Here, it was a little difficult to tell where the Holo stopped and real life began, as we were fully immersed in an alternate world, literally.
Then it was on to the grand finale, the trip to Mars. This was by far the most impressive demo of the bunch, as we put on the glasses to reveal a 360 degree view of standing on the surface of Mars. Here, it was a little difficult to tell where the Holo stopped and real life began, as we were fully immersed in an alternate world, literally. We were able to join the two worlds by looking at a computer on a desk in the room, and moving the mouse, amazingly, beyond the computer screen and right out onto the surface of Mars, where we were able to click the mouse and place a flag.
The whole experience felt natural, and with little or no orientation, we were playing Minecraft or walking on Mars. But, like many demos of new technology, Minecraft or Mars barely scratch the surface of what might be accomplished with Holo. For Microsoft particularly, that may turn out to be a problem. Mary Jo Foley was told that when Satya Nadella saw his first Holo demo, it was touted as an Xbox gaming device, but he saw that it could have much more potential than that, and the program was expanded.

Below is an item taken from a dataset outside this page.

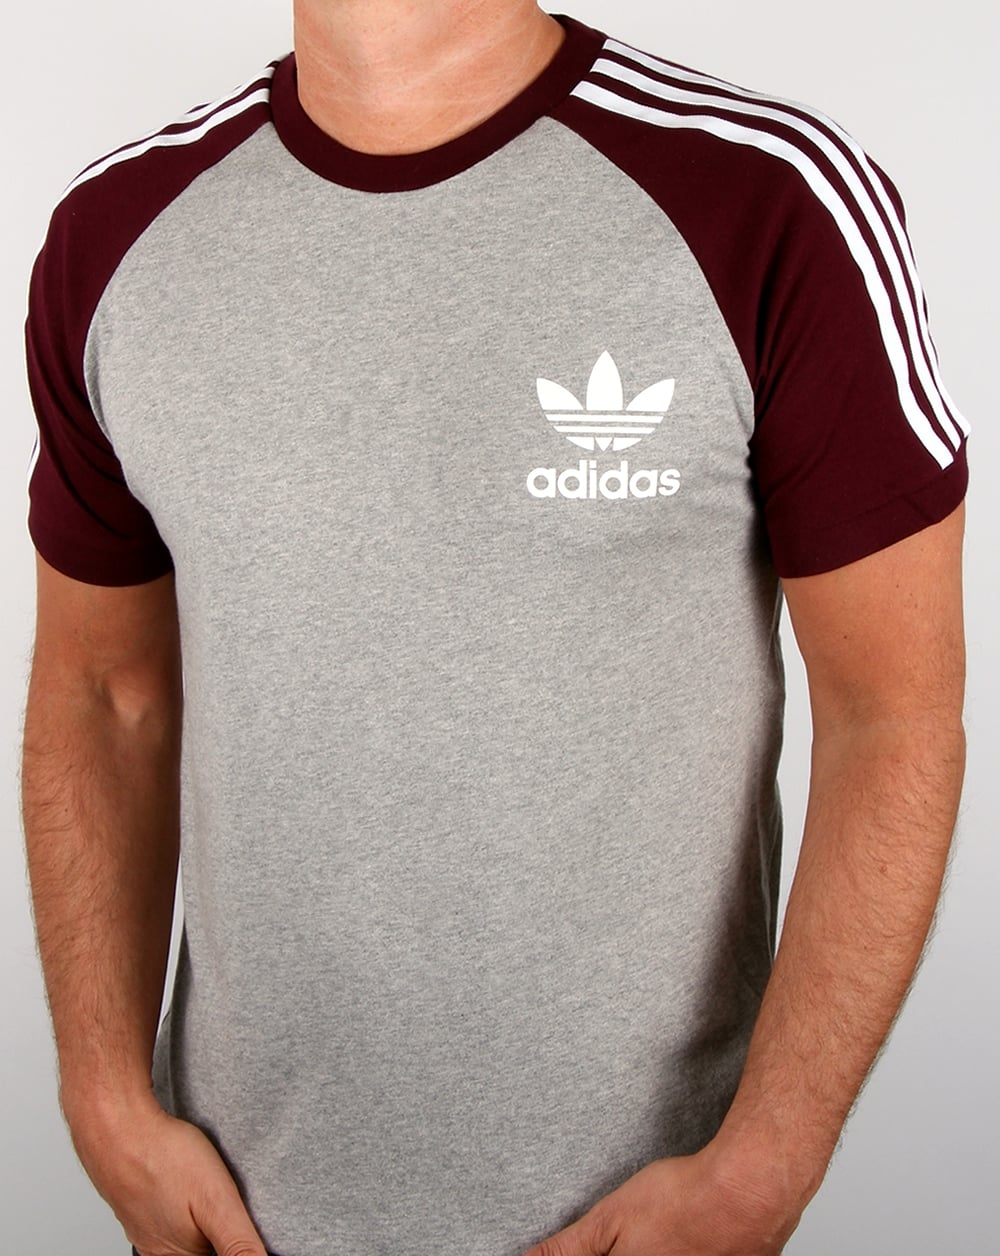 Adidas Originals Retro 3 Stripes T shirt Greymaroon

But has it expanded too far, too fast? Microsoft’s reputation and history is as a platform company, but for Holo to succeed, it needs to be not only a platform but a compelling turnkey solution. You should be able to play Minecraft on Holo, and many other games as well. You should have a full set of Holo “places” to visit: not just Mars, but wonders of the world, and compelling events, and visits with artists and crafts people in their studios. You should be able to get live help not only on basic tasks like wiring a light switch, but specialized and intricate operations that would benefit from live interactive instruction.
Can 3rd parties contribute to a Holo ecosystem? Of course. Will they, at first, with an unproven installation base and a complex development process? Probably not. Microsoft has been learning from its mistakes of the recent past, bringing back the start menu and a desktop friendly atmosphere to Windows with Windows 10. For Holo, they need to learn from the mistakes they made with Kinect, where cool technology sits under-used and under-appreciated, because Microsoft expected game developers to bear the brunt of making games Kinect-worthy.
Holo is very, very cool, but walking on the same few meters of Mars, or playing with blocks, or Skyping for help on a limited range of subjects is going to get old quick. As cool as it is that Microsoft has delivered Holograms (Holograms!), they’re going to need to deliver a lot more to call the HoloLens a success.